Get a concise summary of a Wikipedia article.
AI agents call wikipedia_summary to retrieve information from Mcp Everything without modifying anything — typically the context-gathering step in research, monitoring, and reporting workflows, before the agent takes action elsewhere.
This is a straightforward read-only operation that queries Wikipedia content and returns information. It has no side effects, does not execute code, does not modify data, and does not involve financial transactions. The blast radius of misuse is minimal — an agent could retrieve information about any topic, but cannot harm systems or data.
From the tool's definition The tool 'wikipedia_summary' retrieves a concise summary of a Wikipedia article with no modification or execution capability.
Attacks that exploit this kind of access
Get a concise summary of a Wikipedia article. It is categorised as a Read tool in the Mcp Everything MCP Server, which means it retrieves data without modifying state.
Register the Mcp Everything MCP server in PolicyLayer and add a rule for wikipedia_summary: allow, deny, rate-limit, or require approval. Point your MCP client at the PolicyLayer proxy URL and the rule is enforced on every call, before it reaches Mcp Everything. Nothing to install.
wikipedia_summary is a Read tool with low risk. Read-only tools are generally safe to allow by default.
Yes. Add a rate_limit block to the wikipedia_summary rule in your PolicyLayer policy. For example, setting max: 10 and window: 60 limits the tool to 10 calls per minute. Rate limits are tracked per agent session and reset automatically.
Set action: deny in the PolicyLayer policy for wikipedia_summary. The AI agent will receive a policy violation error and cannot call the tool.
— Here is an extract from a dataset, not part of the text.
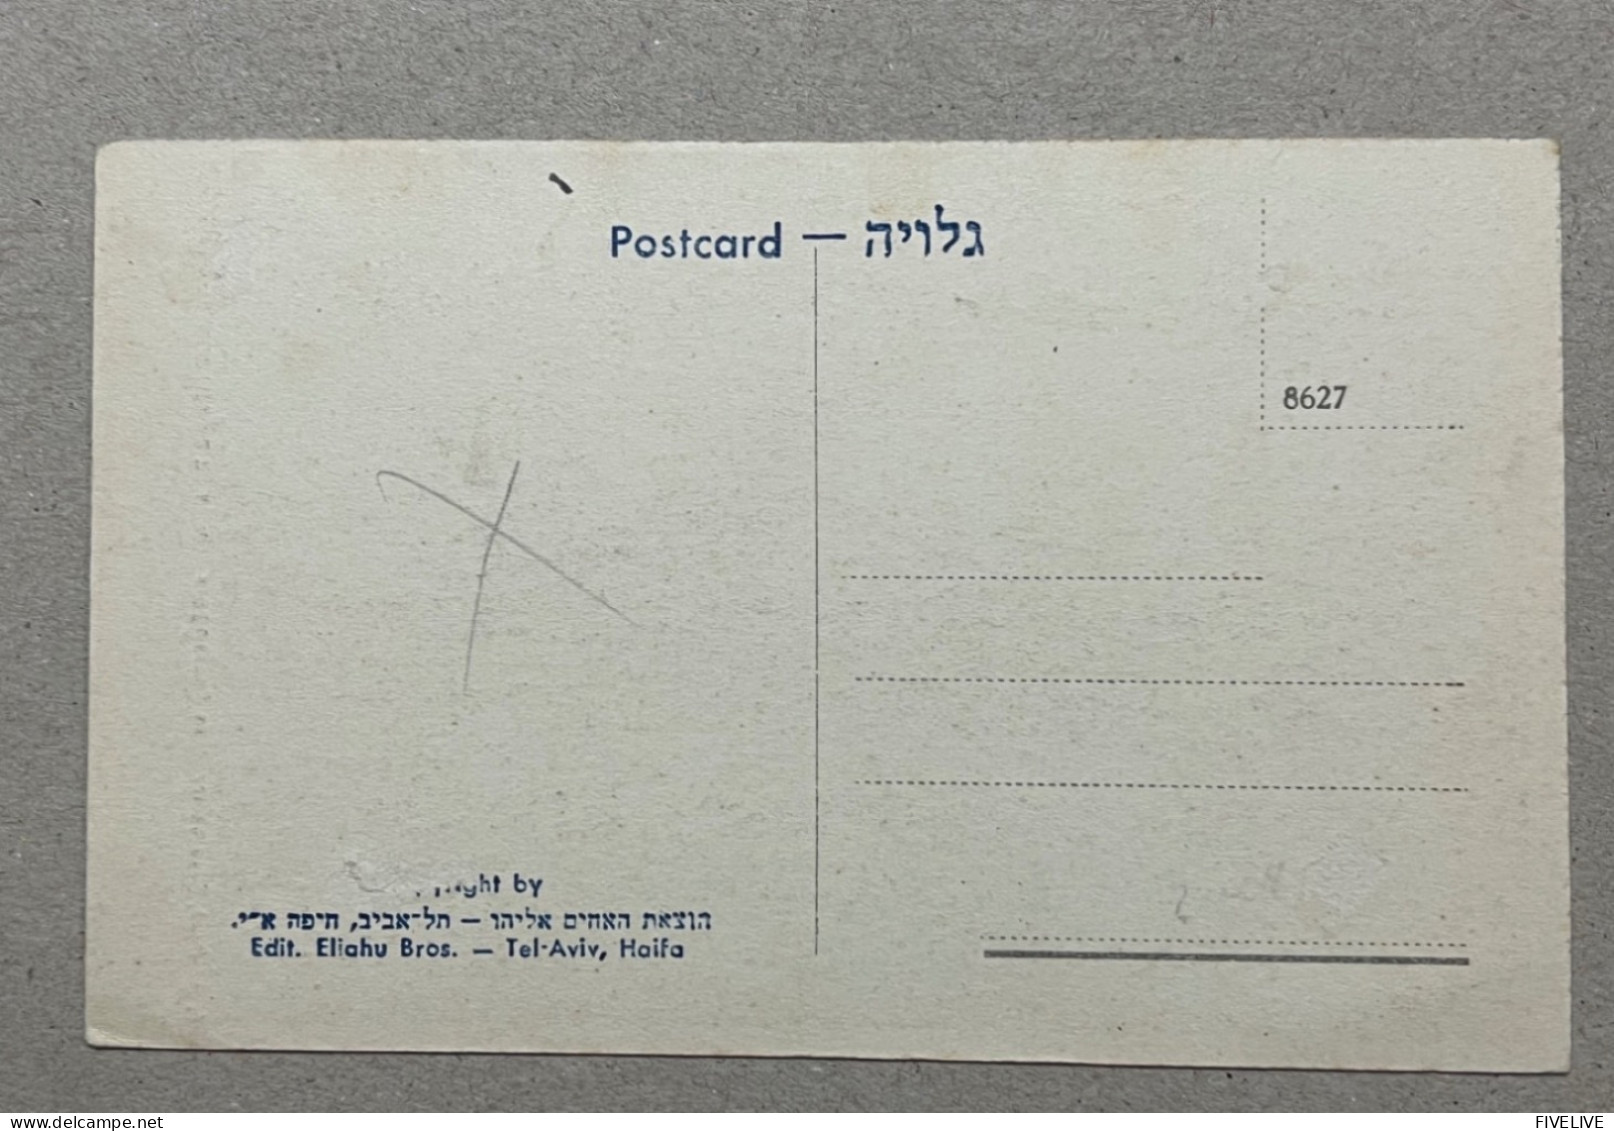 JUDAICA JEWISH POSTCARD POSTKARTE BY ELIAHU BROS. TEL AVIV, Port, Disembarcation Passengers. PALESTINE, ISRAEL - Palestine

You can also include a reason field to explain why the tool is blocked.
wikipedia_summary is provided by the Mcp Everything MCP server (wellix260/mcp-everything). PolicyLayer sits as a proxy in front of this server to enforce policies before tool calls reach the server.
Every MCP server has a record like this.
Type a name, get the same breakdown: verified identity, auth posture, risk grade, capabilities, recommended policy.